> [WORK ORDER]: Lines before the one containing "Обединеното кралство ще" are not copied; that line and every one after it, through the end of the material below, are printed exactly, without pictures.

> [GIVEN DATA]:
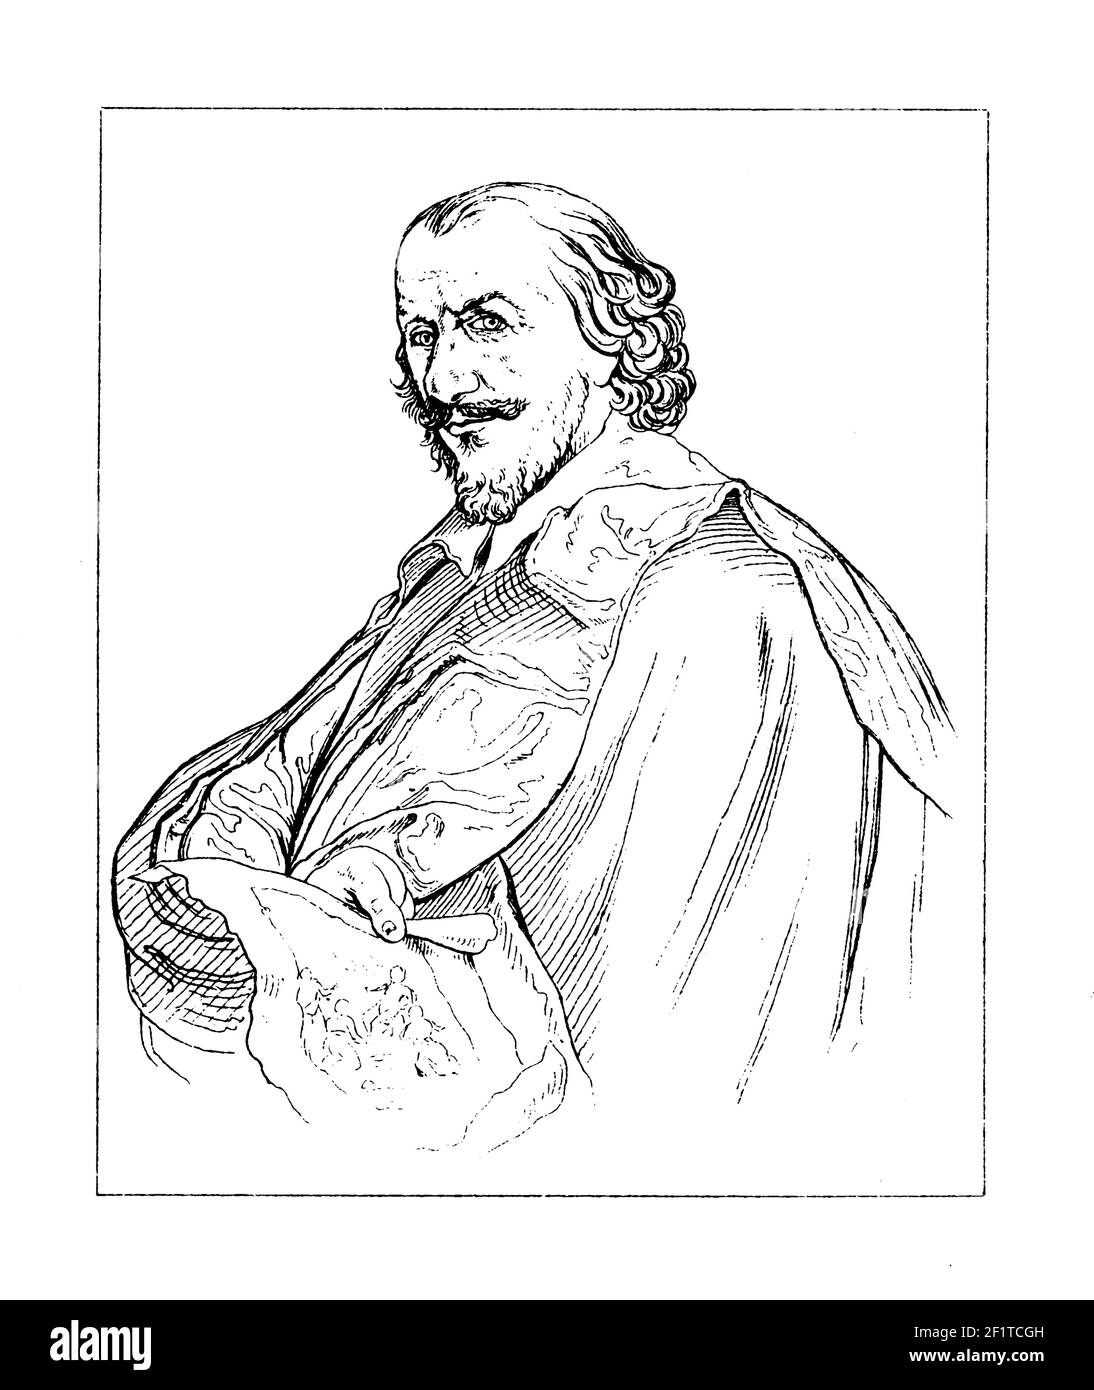 Ilustración antigua de un retrato de Matthaus Merian, grabador suizo. Nació el 22 de septiembre de 1593 en Basilea, Suiza y murió el 19 de junio de 16 Foto de stock
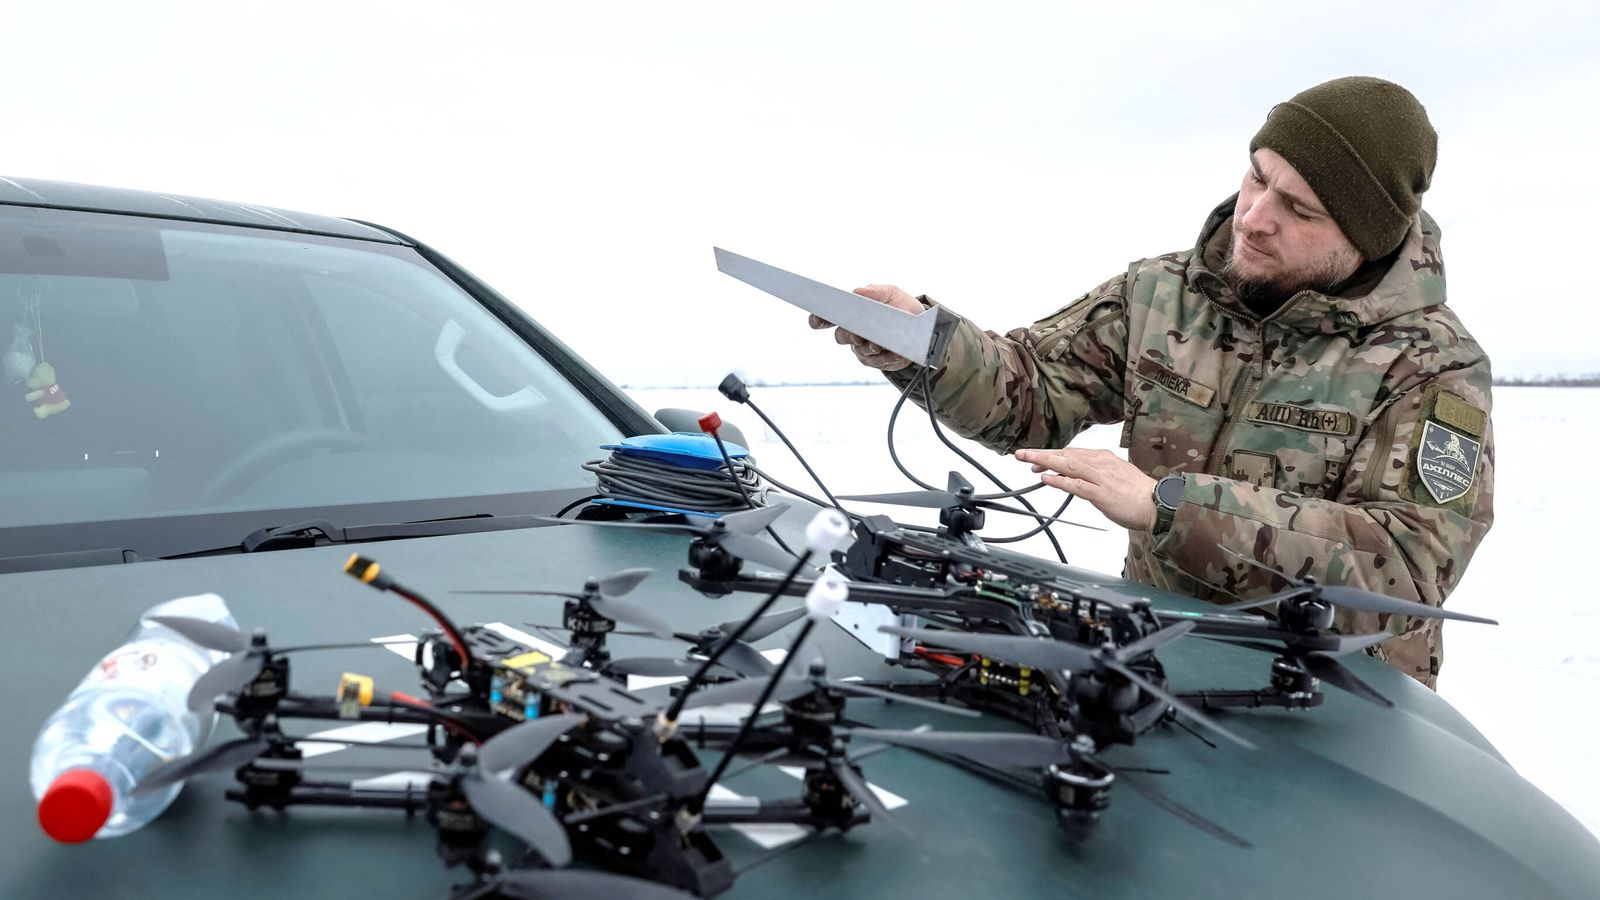 Обединеното кралство ще достави още 10 000 дрона на Украйна, обявява Грант Шапс
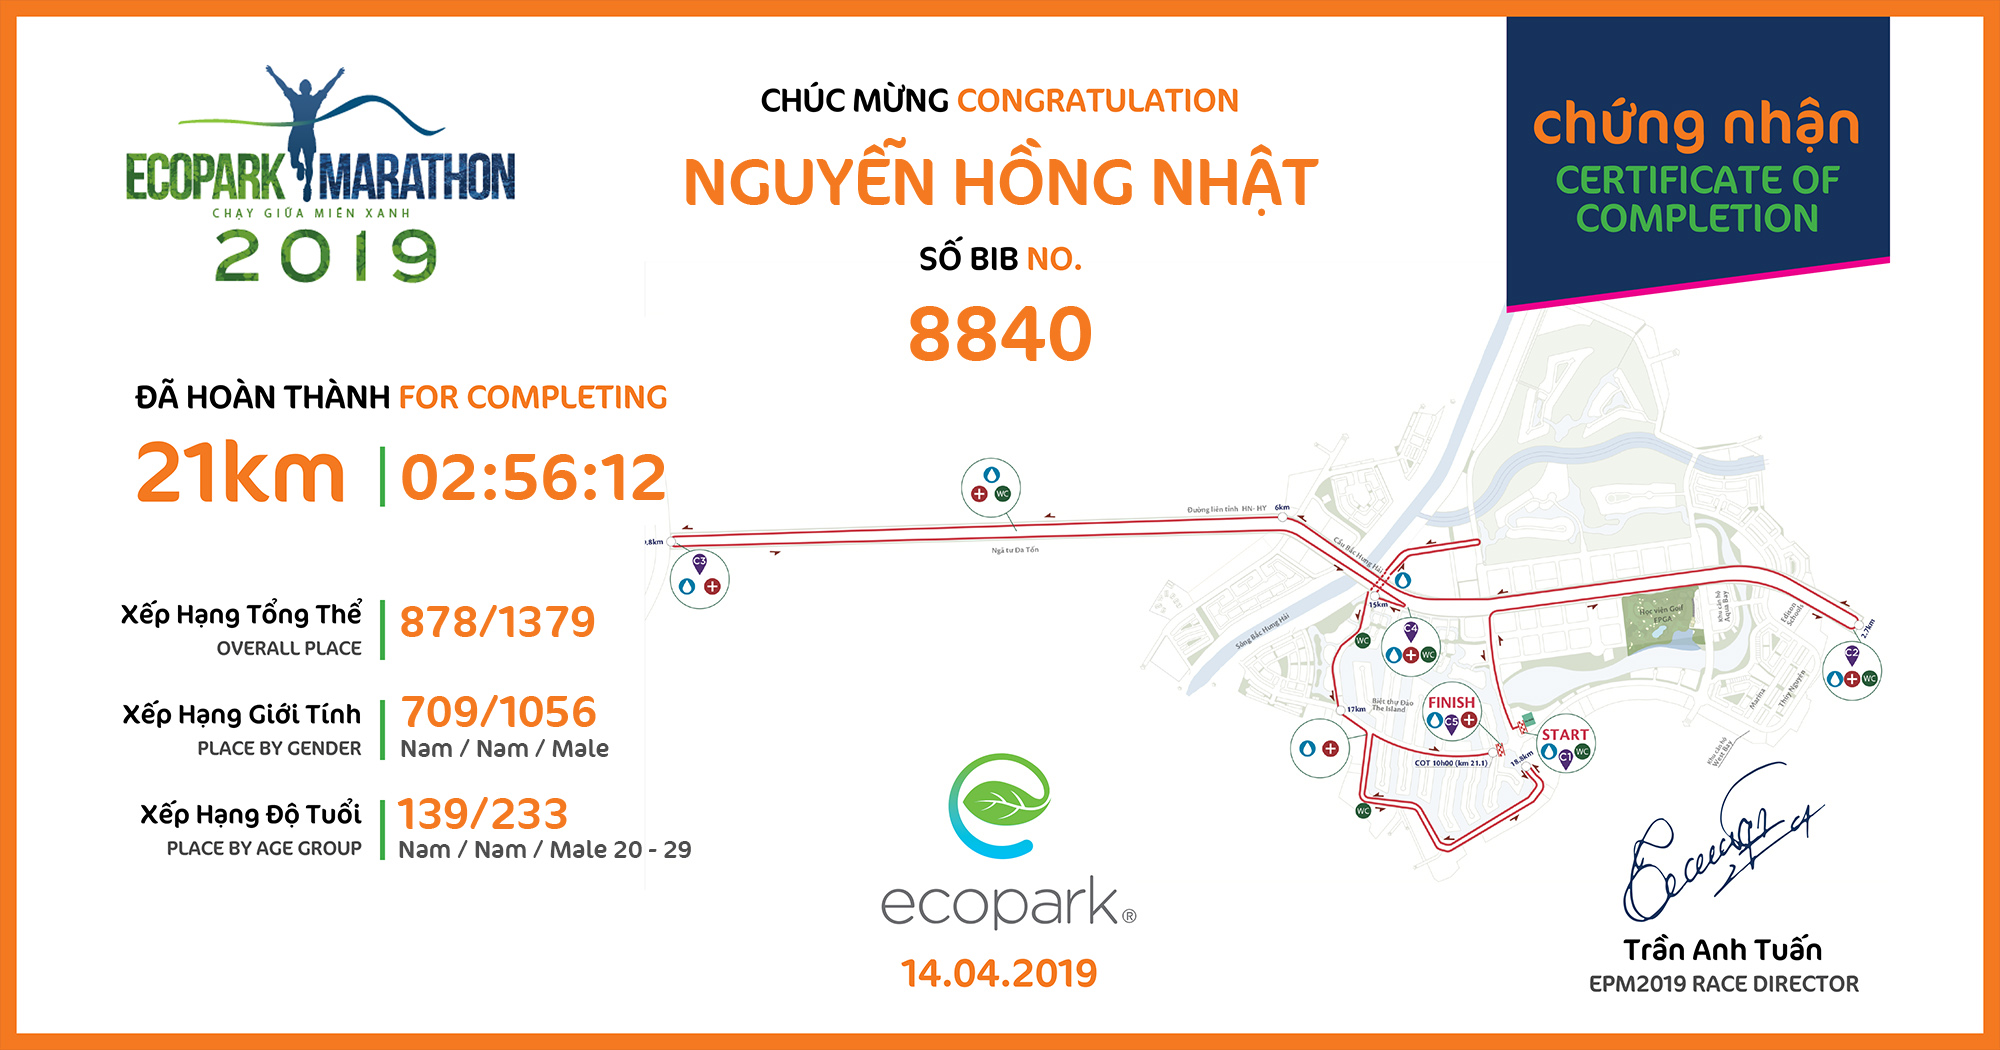 8840 - Nguyễn Hồng Nhật

> [EXERCISE RESPONSE]:
 Обединеното кралство ще достави още 10 000 дрона на Украйна, обявява Грант Шапс
 8840 - Nguyễn Hồng Nhật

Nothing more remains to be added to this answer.